Cause of inflammatory diseases of the paranasal sinuses. Repeated bacterial seeding of the nasal mucosa caused by inhalation of atmospheric air is the reason for the presence of polymorphic apathogenic microbiota (saprophytes) in the nasal cavities. The apathogenicity of the microbiota is ensured by the presence of specific enzymes in the nasal secretion that have bacteriostatic and bactericidal properties. These include a group of lysozymes - protein substances capable of causing lysis of some microorganisms by depolymerization and hydrolysis of microorganisms' mucopolysaccharides. In addition, as Z.V. Ermolieva (1938) proved, lysozymes have the ability to stimulate tissue regeneration processes. When acute rhinitis occurs, especially of viral etiology, the bactericidal properties of lysozyme are sharply reduced, as a result of which the saprophyte acquires pathogenic properties. At the same time, the barrier functions of the connective tissue layer of the nasal mucosa are reduced, and microorganisms freely penetrate into its deep sections. In addition to lysozyme, there are a number of other substances in the nasal mucosa (collagen, basic and amorphous substance, chemical substances of a glucidic nature, polysaccharides, hyaluronic acid, etc.), which regulate diffusion processes in cellular membranes and provide protection against the penetration of microorganisms into the deep layers of the nasal mucosa and even beyond them. However, pathogenic microorganisms also have their own means of protection in the form of the enzyme hyaluronidase produced by them, which hydrolyzes hyaluronic acid and increases the virulence of microorganisms and their penetrating ability.

In acute purulent inflammatory diseases of the paranasal sinuses, the most common are streptococcus, pneumococcus, Staphylococcus aureus, Pfeiffer's coccobacillus, Friedlander's klebsiella, rhinoviruses, adenoviruses and some others. In some cases, when the sinus contents are cultured in the usual way, these contents are sterile. Indirectly, this indicates either a viral or anaerobic etiology of sinusitis. For chronic purulent inflammatory diseases of the paranasal sinuses, gram-negative microorganisms are more typical, such as pseudodiphtheria Pseudomonas aeruginosa, E. coli, etc., and for odontogenic sinusitis - anaerobes. As A.S. Kiselev (2000) notes, in recent years mycoses of the paranasal sinuses caused by irrational use of antibiotics and dysbacteriosis have become relevant. The role of influenza and parainfluenza infection in the occurrence of acute inflammatory diseases of the paranasal sinuses has not been fully clarified. Currently, the dominant hypothesis is that the virus plays the role of an allergen causing an exudative process, after which inflammation develops as a result of superinfection with banal microbiota.

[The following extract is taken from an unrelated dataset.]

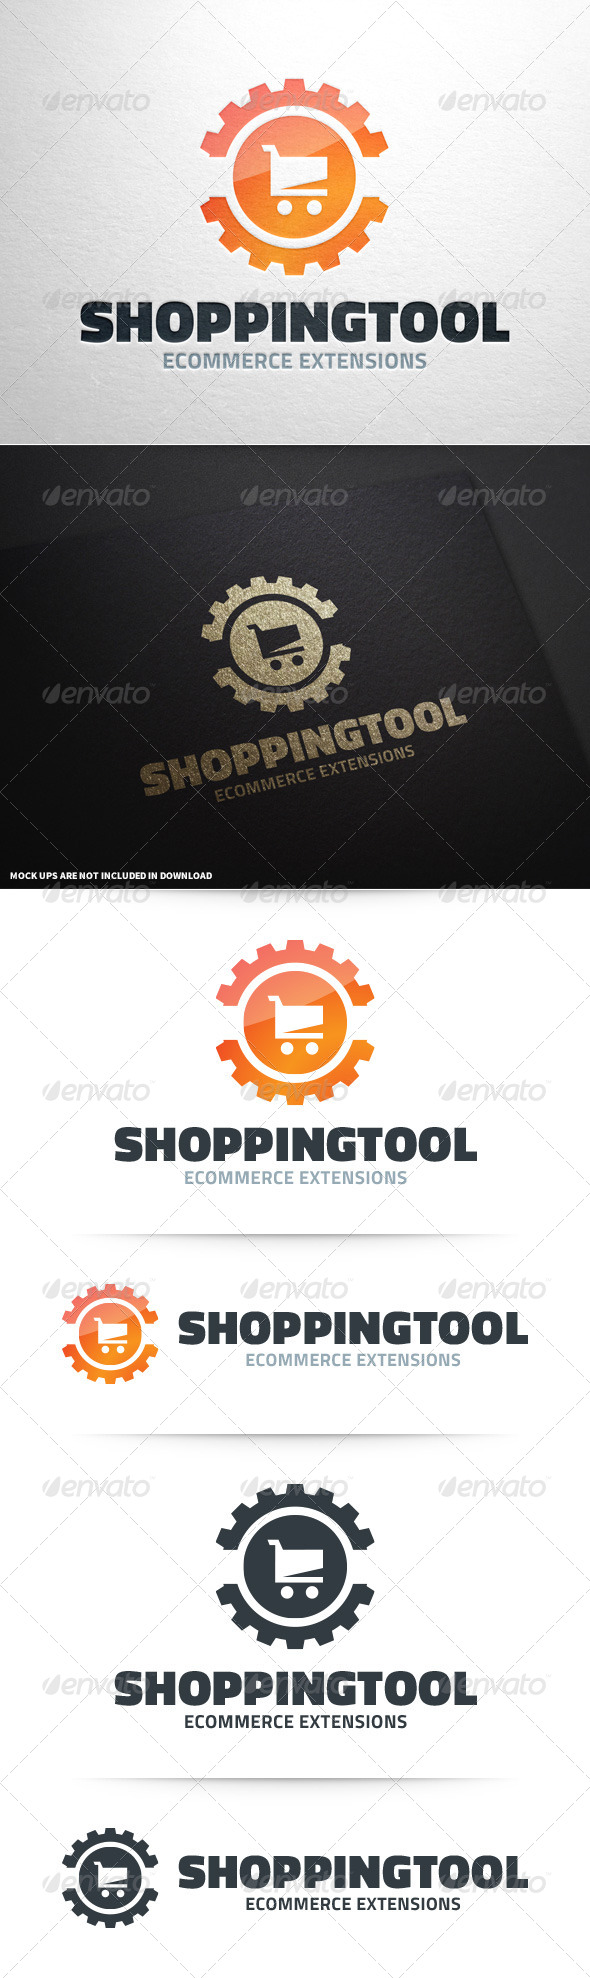 GraphicRiver Shopping Tool Logo Template 8632488
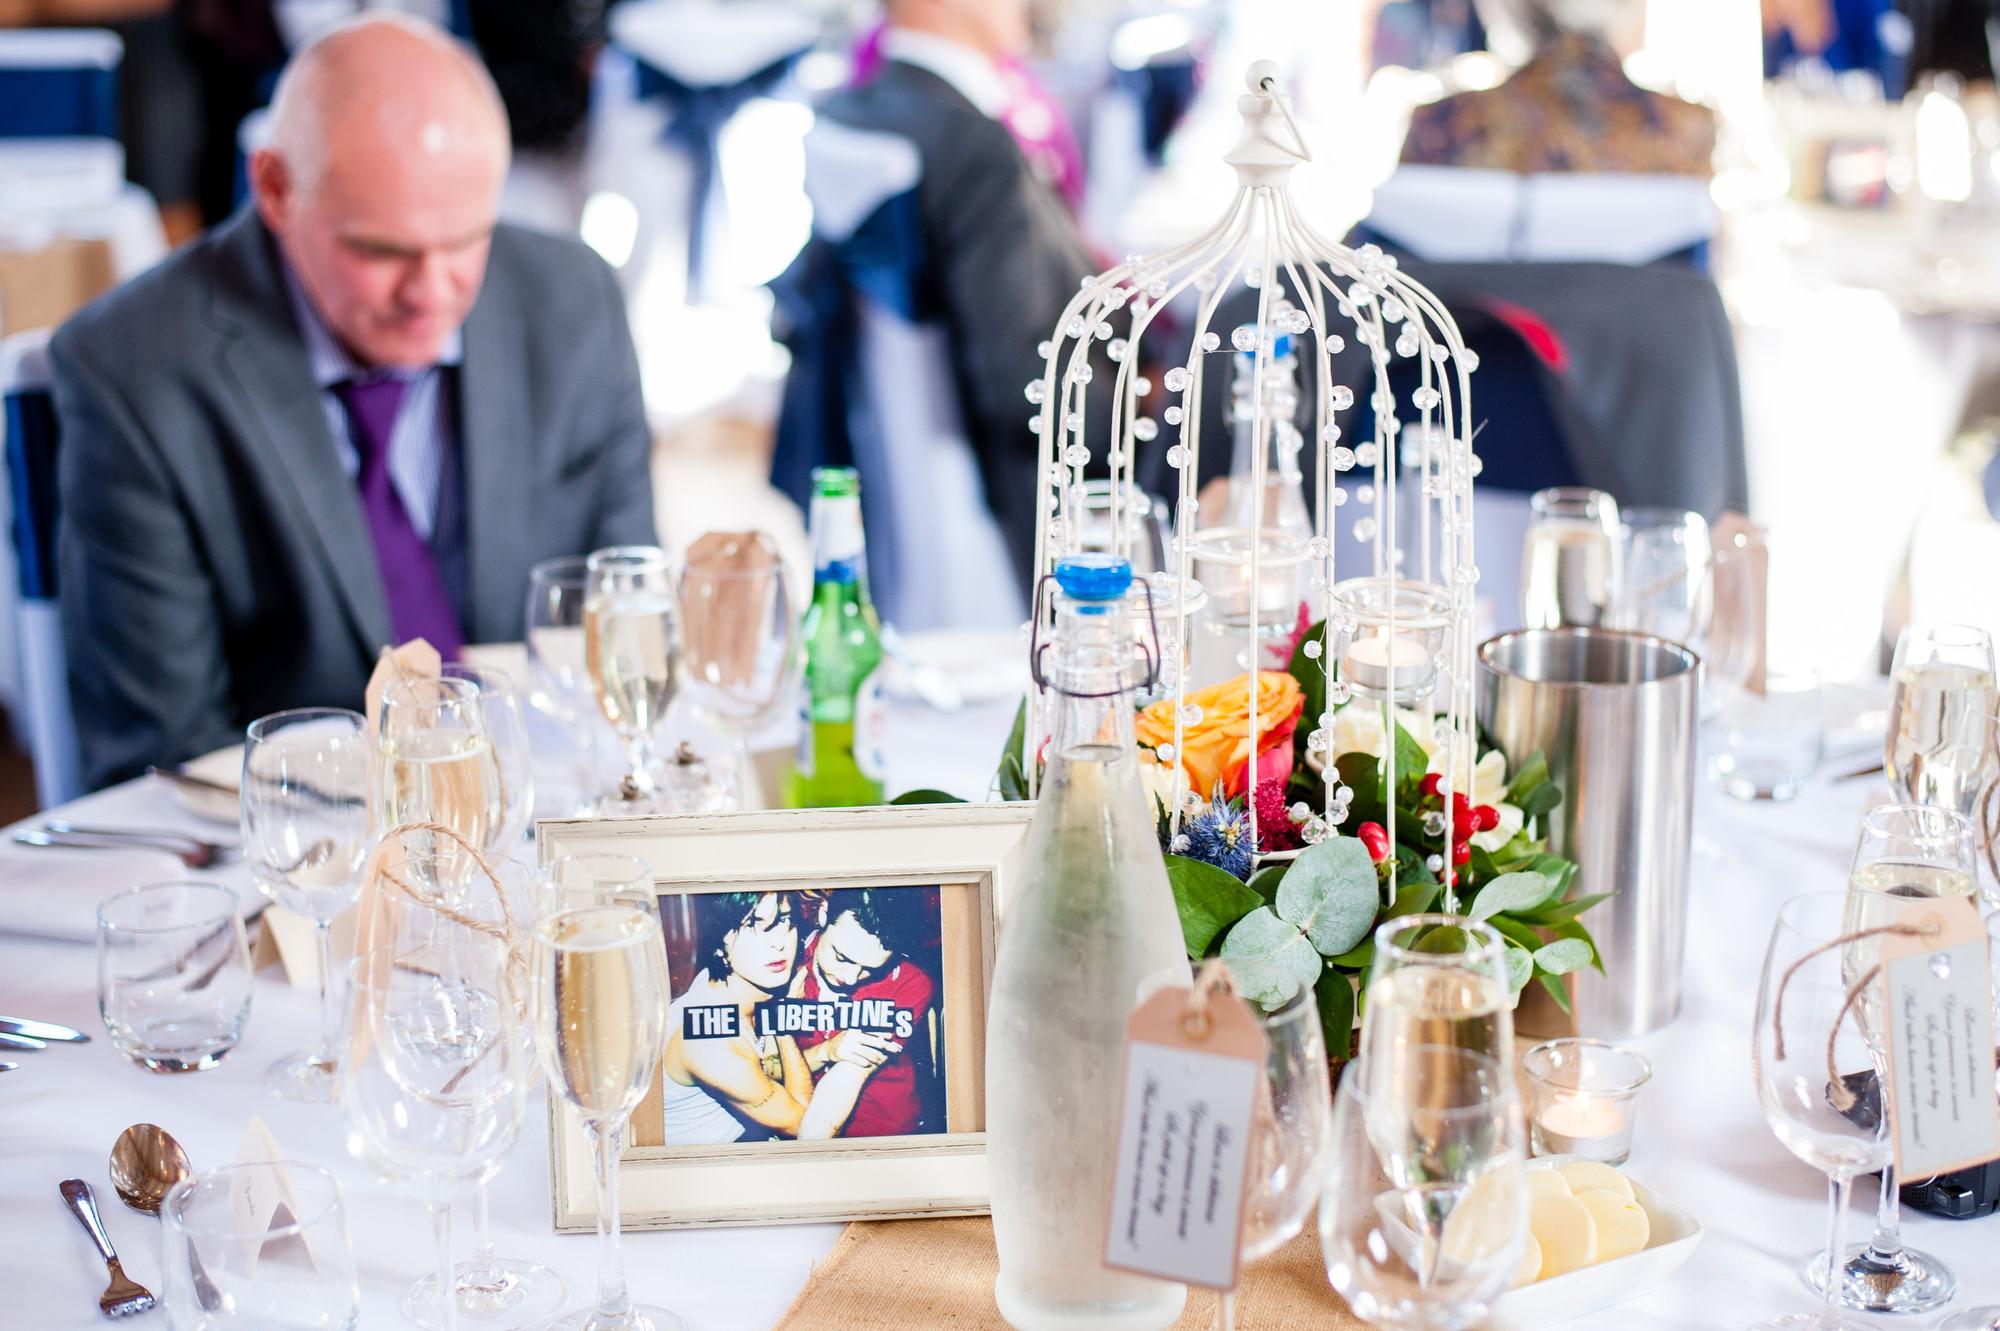 Geoff-Kirby-photography-Carriage-Hall-wedding0091

The pathogenesis of inflammatory diseases of the paranasal sinuses is directly dependent on four categories of causes of this disease: 1) local; 2) anatomically close; 3) anatomically distant; 4) general.

Local causes are divided into determining and contributing. The former determine the nature and extent of the inflammatory process and play the role of its cause. Infectious rhinitis in the overwhelming majority of cases is the primary cause of inflammatory diseases of the paranasal sinuses. Contributing risk factors are many circumstances, including professional and domestic hazards, unfavorable climatic conditions and many other factors that directly affect the mucous membrane of the nose and its receptor apparatus.

One of the important risk factors is the unfavorable anatomical structure of the paranasal sinuses and nasal cavity. These include, for example, a high position of the internal opening of the excretory duct of the maxillary sinus, or an excessively narrow and long frontonasal canal, or excessively large paranasal sinuses. According to many authors, it is the functional state of the excretory ducts of the paranasal sinuses that plays a decisive role in the occurrence of their inflammation. Obstruction of these ducts, as a rule, leads to a violation of ventilation of the cavities, dissolution of gases in the fluids of the mucous membrane, the formation of negative pressure and, as a consequence, to the appearance of transudate or cyst-like formations (mucous blisters). Transudate can remain sterile for a long time (amber-colored translucent opalescent liquid), but penetration of infection to it leads to its suppuration and the development of acute purulent sinusitis. Often, the paranasal sinuses partially or all communicate with each other, especially the frontal, maxillary sinuses and the cells of the ethmoid labyrinth. And then the inflammation of any one sinus leads to a chain inflammatory reaction that can affect two, three or even all the air cavities of the facial skull.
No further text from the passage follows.